*** Opening of Recorded data ***
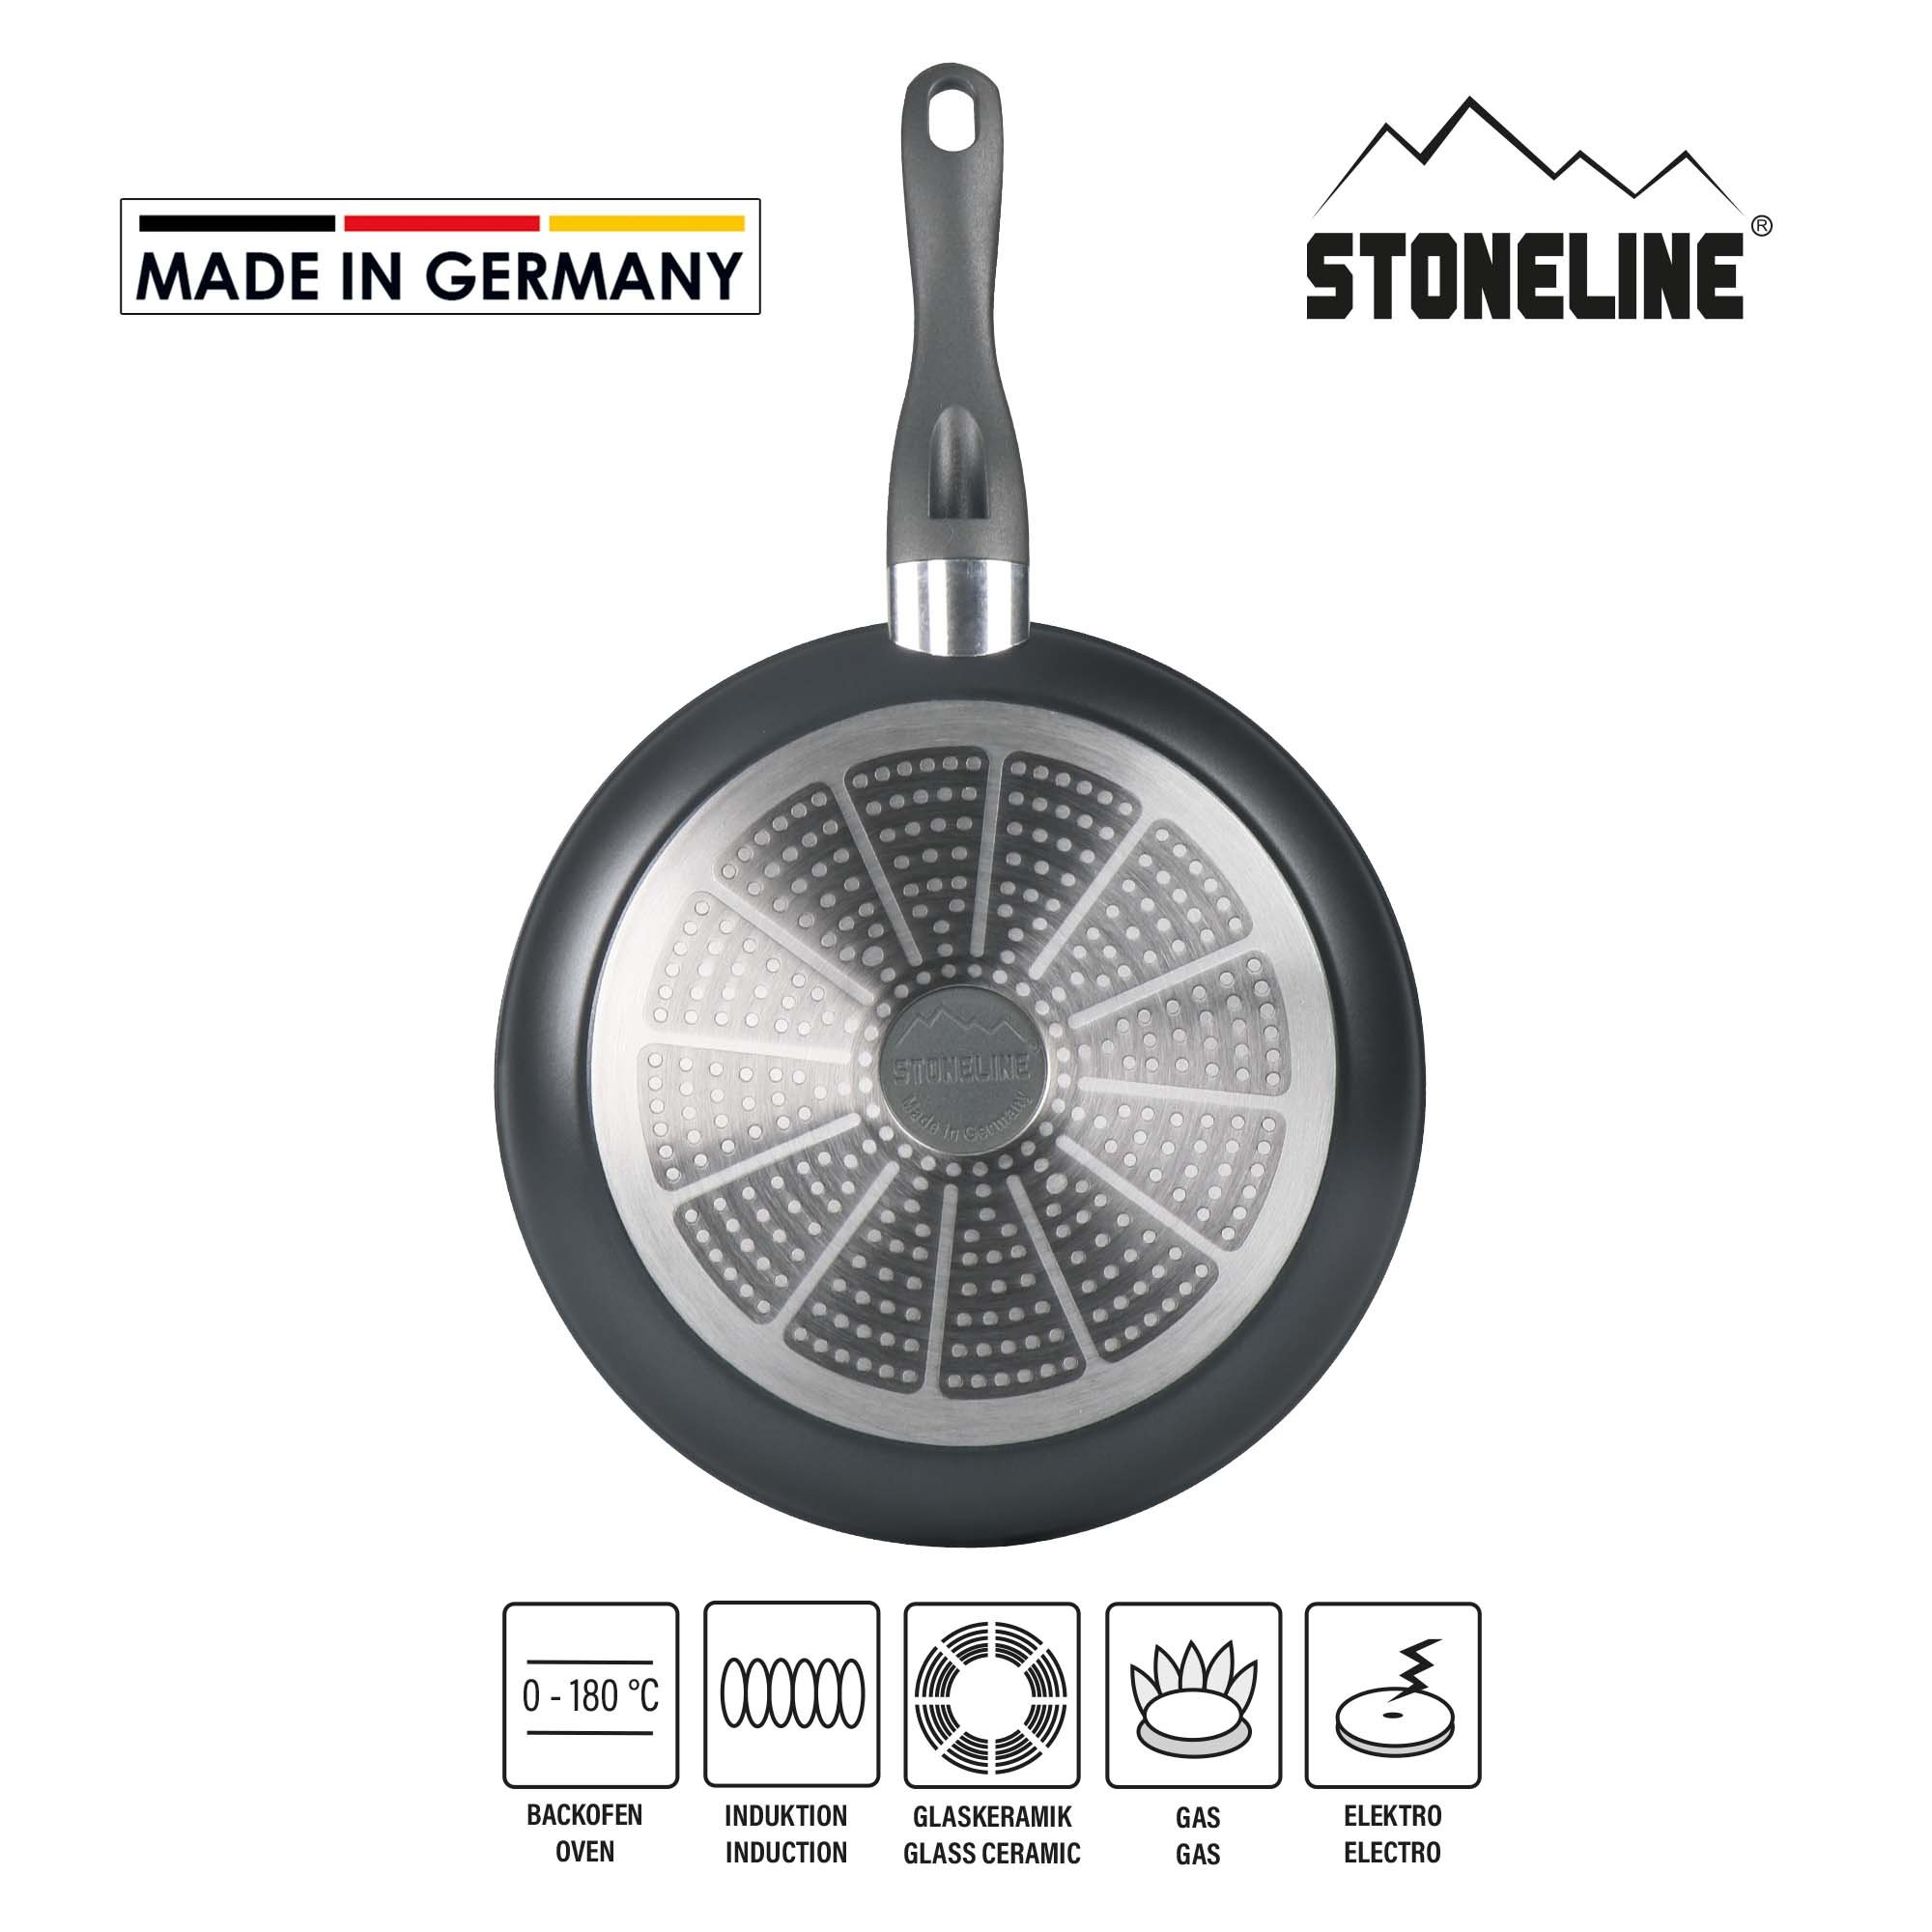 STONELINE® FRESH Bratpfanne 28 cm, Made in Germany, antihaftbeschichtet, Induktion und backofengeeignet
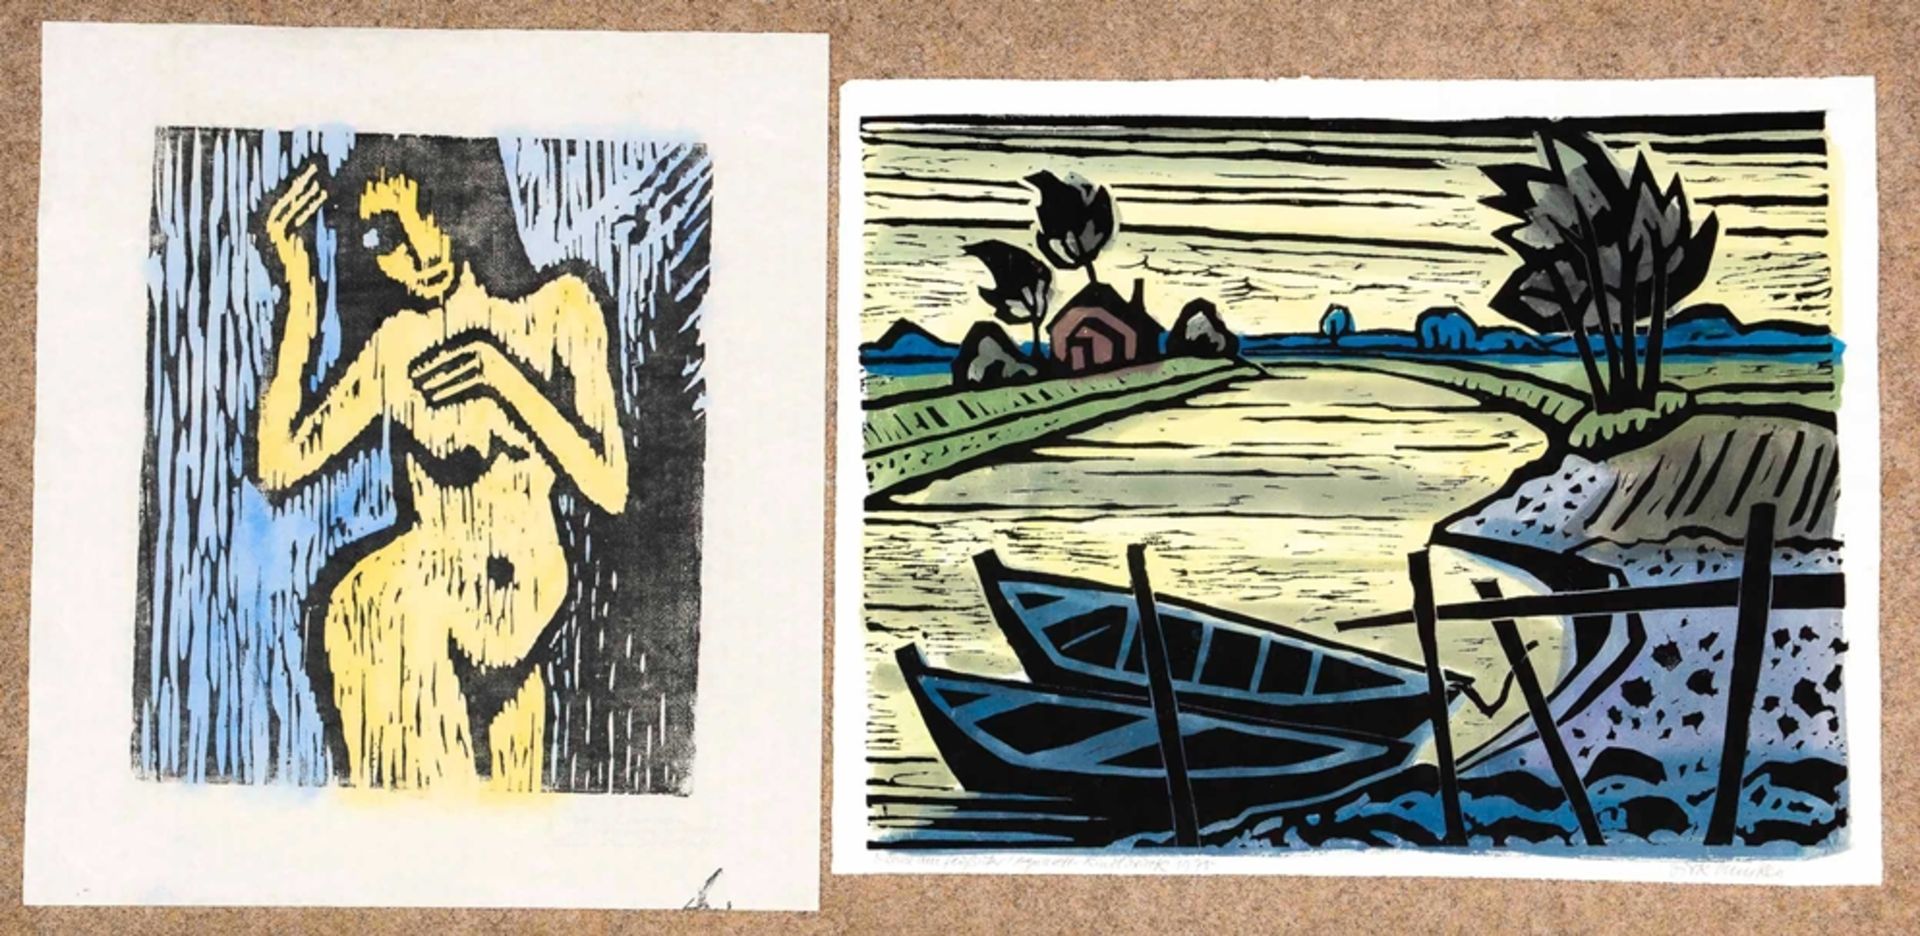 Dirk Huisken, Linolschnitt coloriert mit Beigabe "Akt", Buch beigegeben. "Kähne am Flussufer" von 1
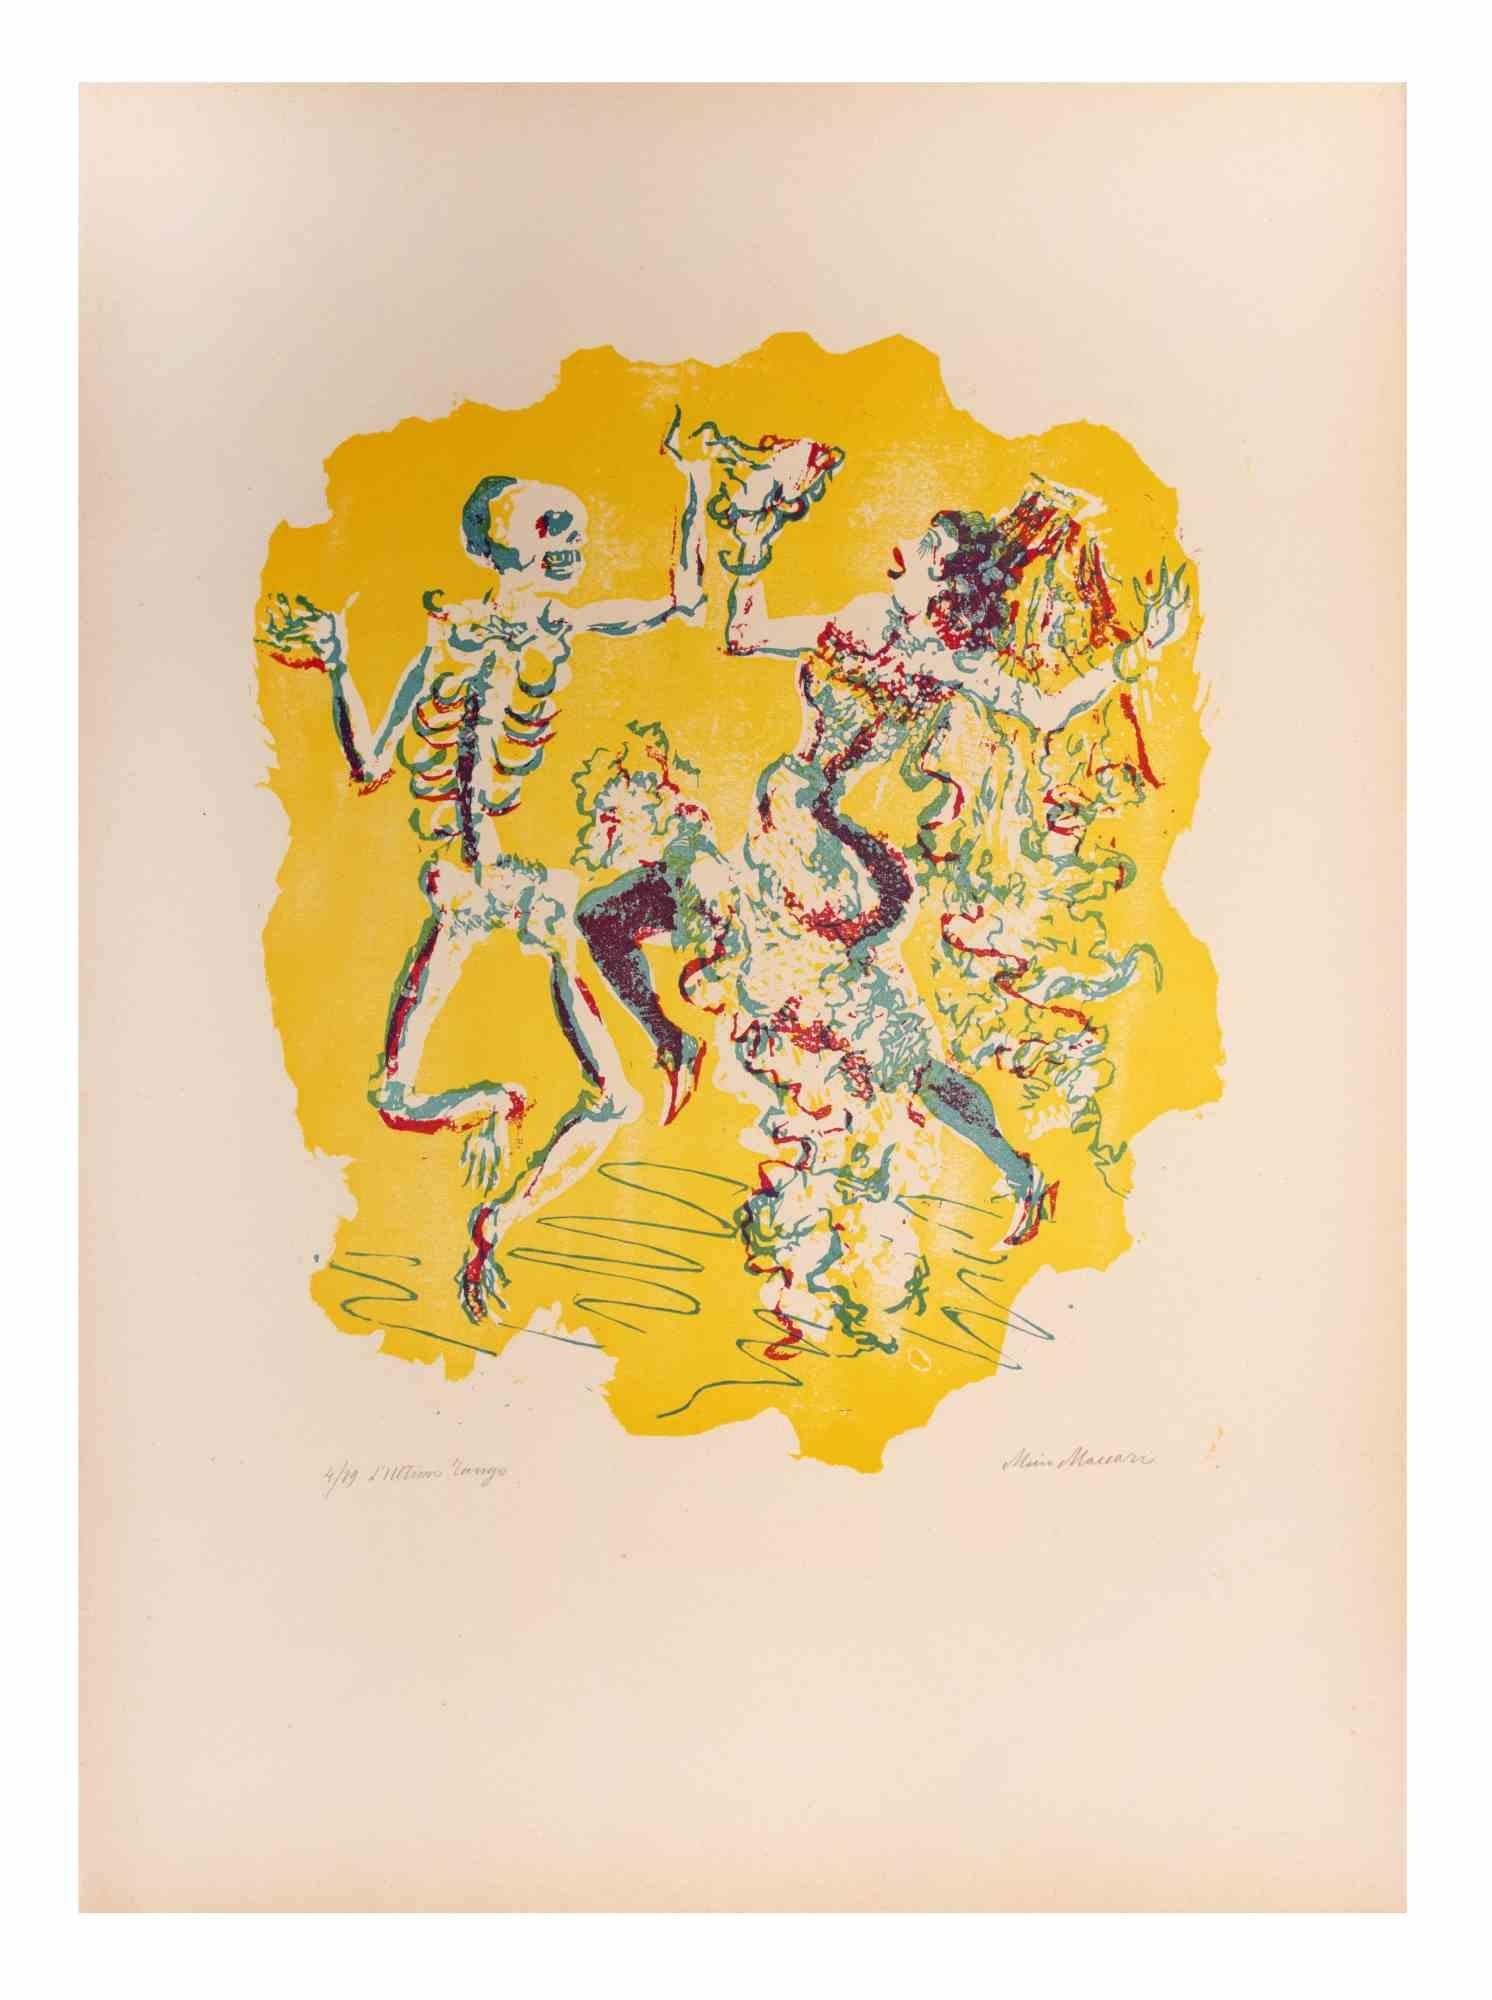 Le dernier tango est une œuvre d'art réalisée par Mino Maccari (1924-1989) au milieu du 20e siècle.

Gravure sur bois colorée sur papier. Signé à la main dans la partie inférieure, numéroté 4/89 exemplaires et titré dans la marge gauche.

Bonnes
*** Close of Recorded data ***
About this task: Starting with the line containing "Le dernier tango" and ending with the last line of the records above, write out each line exactly; no pictures.

Answer to this exercise:
 Le dernier tango est une œuvre d'art réalisée par Mino Maccari (1924-1989) au milieu du 20e siècle.

Gravure sur bois colorée sur papier. Signé à la main dans la partie inférieure, numéroté 4/89 exemplaires et titré dans la marge gauche.

Bonnes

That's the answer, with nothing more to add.